Vício
Eu não me achava uma pessoa que se preocupasse muito com assuntos desimportantes. Muito pelo contrário. Sempre fui calma, paciente e observadora. Daquelas que analisam mil vezes todos os passos antes de dar o primeiro.
Definitivamente, não era isso que as outras pessoas pensavam. Viam-me como uma lunática obsessiva, coisa que nunca fui. Cochichavam e apontavam pelas minhas costas, e os mais destemidos e expansivos verbalizavam com todas as letras suas opiniões sobre minha personalidade.
Talvez, ao longo do tempo, as pessoas notem alguma pequena característica minha que não as agrada, e englobam isso com os já existentes boatos sobre mim.
Gosto de pensar que toda mente produtiva e dotada de alguma habilidade especial é aquela incompreensível aos olhos humanos e leigos. Posso estar certa, afinal. O problema pode não ser comigo, e sim com a falta de inteligência e compreensão da sociedade atual, que não dá espaço para idéias um tanto mais criativas.
Mas á todos que nunca conseguiram, ou nem tentaram, compreender minhas atitudes, devolvo á vocês o fato de que toda mente sã guarda pelo menos um segredo.
Comigo não é diferente. Segredo secretíssimo esse ao longo de todos esses anos ninguém, sem exceção, conhece o segredo. Nem somente meramente desconfia.
Todas as noites, eu dedico alguns minutos de meu tempo á esse segredo obsessivo que me toma por completo e faz de mim uma pessoa mais preparada para lidar com os problemas, sejam ele meros obstáculos ou grandes dificuldades.
Um ruído rascante e repetitivo soa estridente pelo aposento, e eu caminho até o despertador mágico, um sorriso bobo se espalhando no rosto. Toco um resto queimado de madeira que descansa na lareira com a varinha, e estrepitosamente os blocos alaranjados movem-se e torna-se uma parede lisa em relevo.
Uma palavra inexistente e complexa sai por entre meus lábios ecoando no silêncio do cômodo, e novamente a parede se move. Em seu lugar, surge uma fina camada metálica, na qual toco novamente a ponta da varinha.
Finalmente.
Acendo a varinha e puxo uma das inúmeras caixas de dentro do pequeno anexo, mais parecendo um cofre. Abro a caixa com cuidado e cerimônia. Afinal, é uma das melhores caixas. Veio da Suíça.

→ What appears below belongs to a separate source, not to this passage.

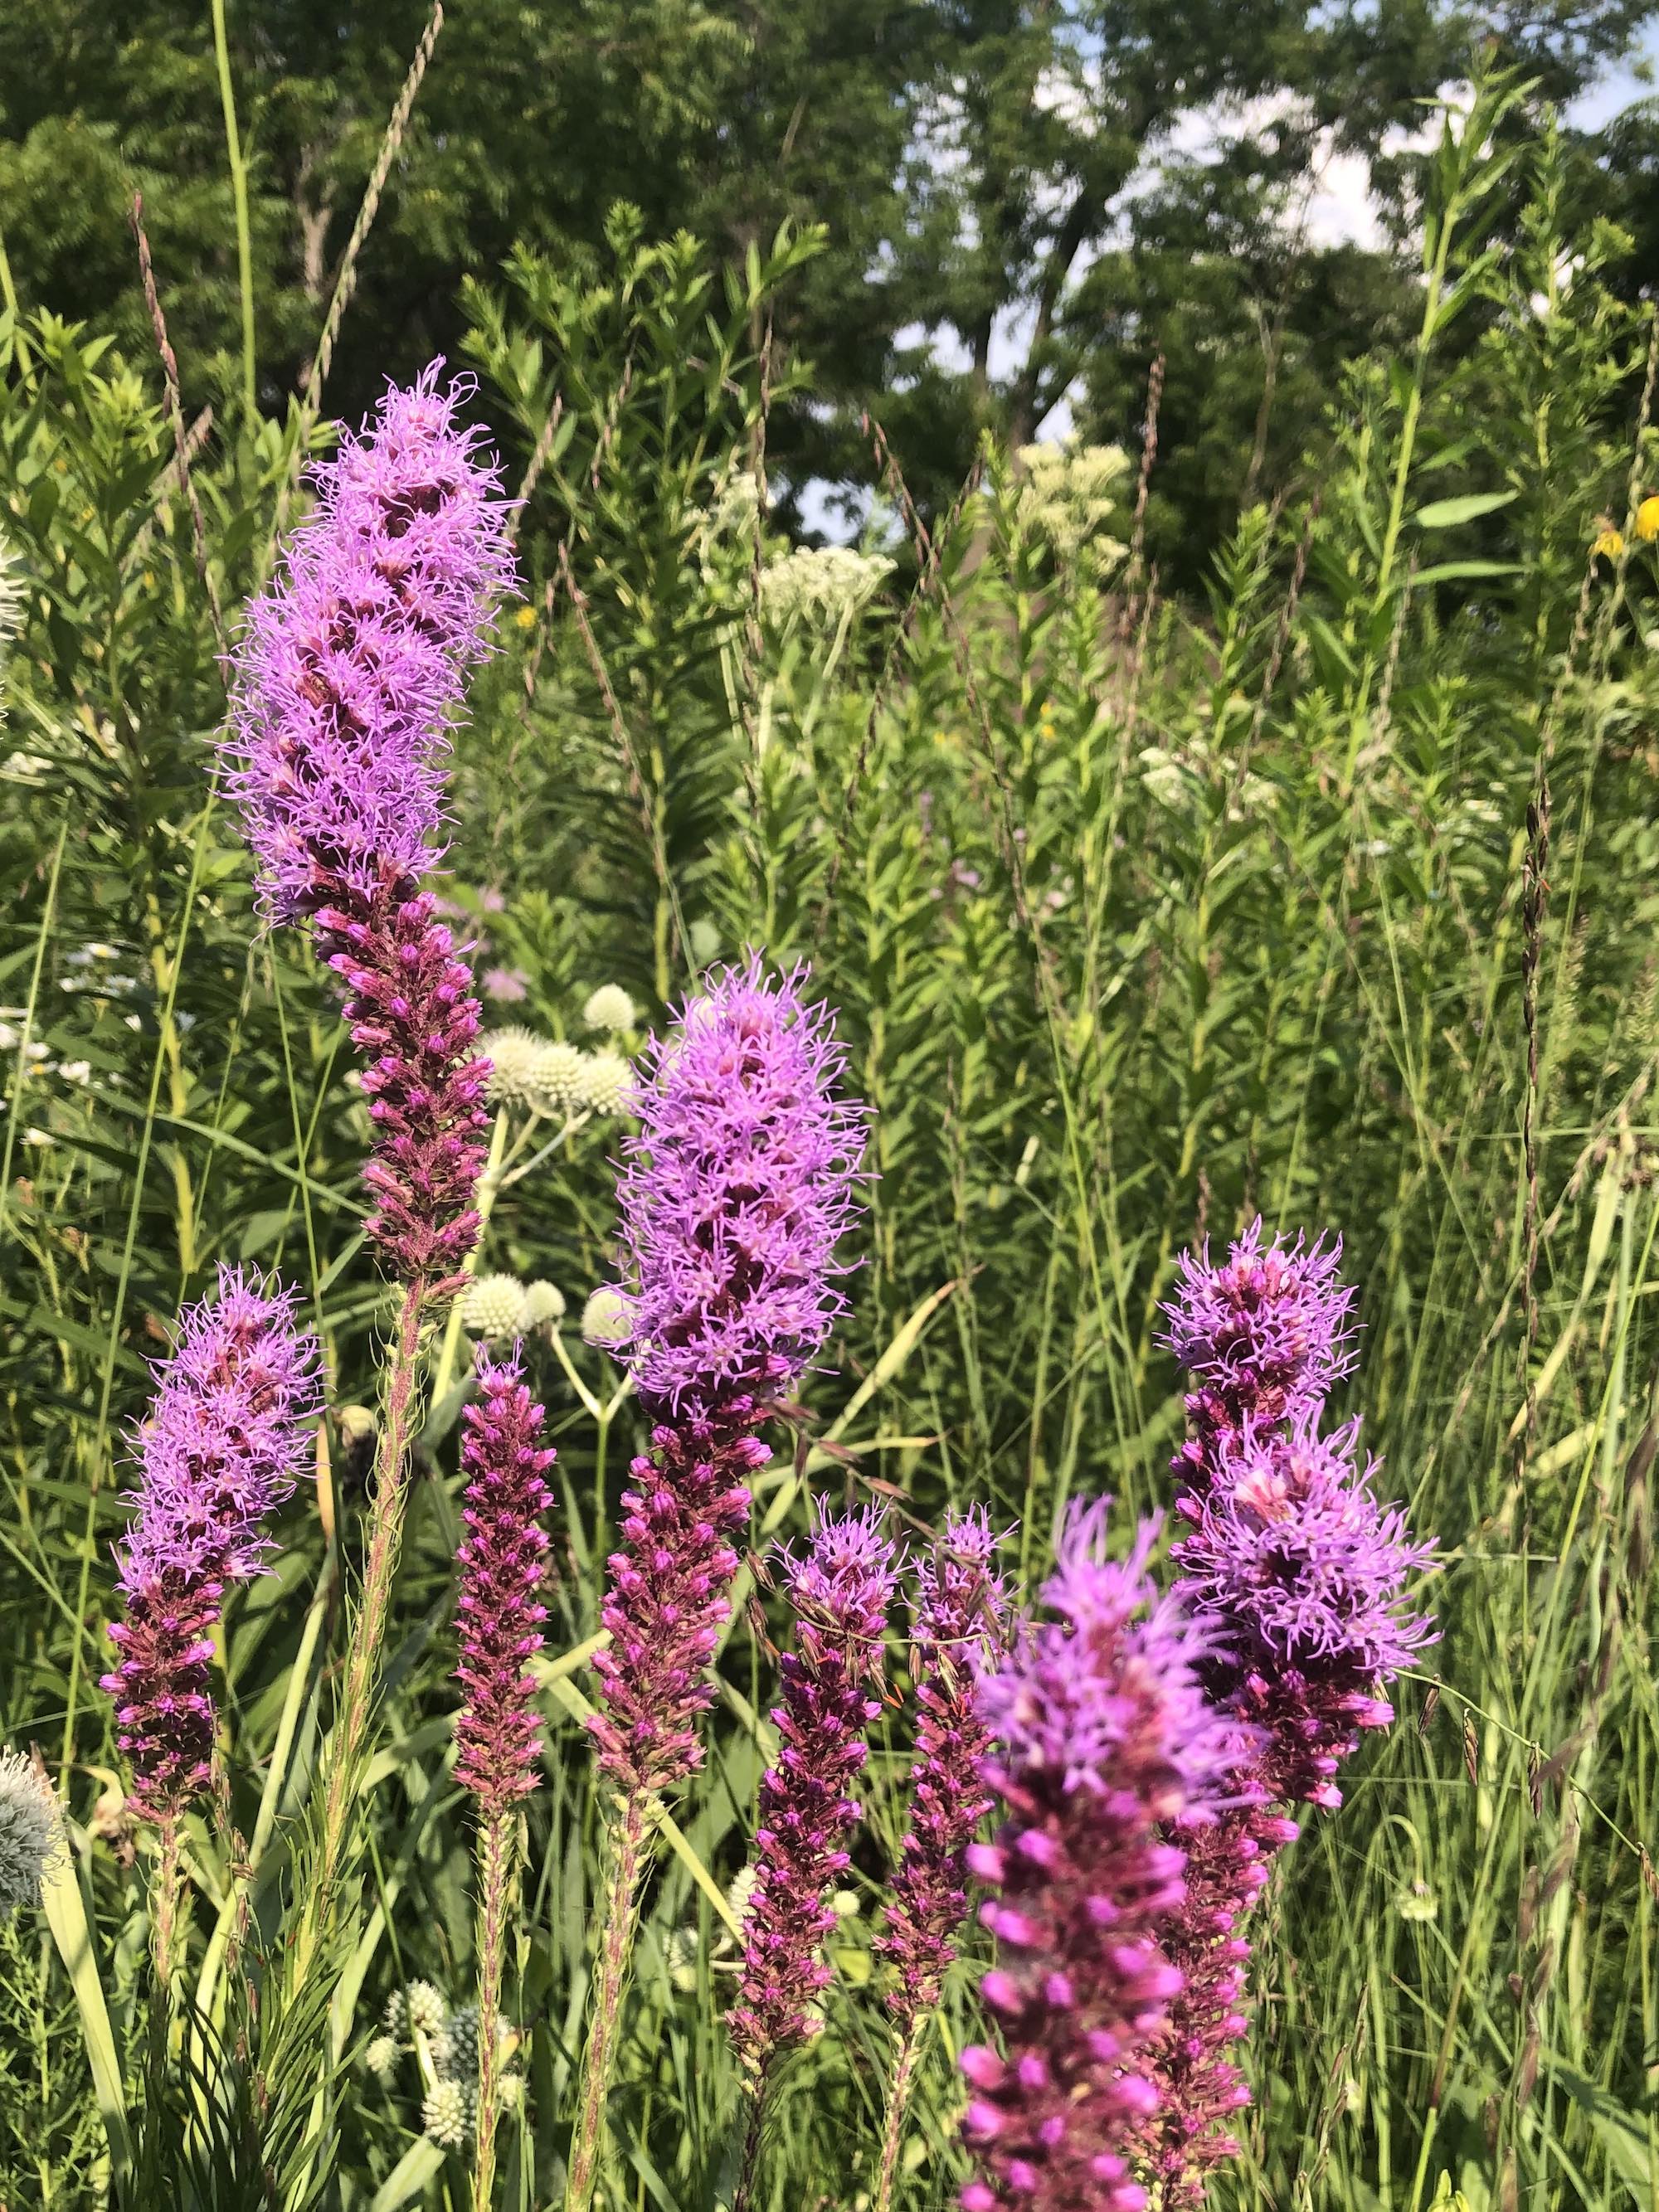 Dense Blazing Star off of Bike Path behind Gregory Street in Madison, Wisconsin on July 16, 2021.

Minha obsessão. Meu segredo. Meu ponto fraco.
Pego uma pequena forma brilhante de dentro da caixa aberta. Desembrulho e coloco na boca.
O sabor. O melhor sabor. Açucarado e com uma leve ponta amarga, aquilo derrete em minha boca enquanto saboreio lentamente, em uma tentativa do sabor delicioso permanecer em meus lábios por mais tempo.
Sinto a textura lisa, e ao morder sinto as gotinhas do licor refrescando minha língua e fazendo minha cabeça girar.
Nunca experimentei algo melhor.
Meu vício. Chocolates.
.Fim.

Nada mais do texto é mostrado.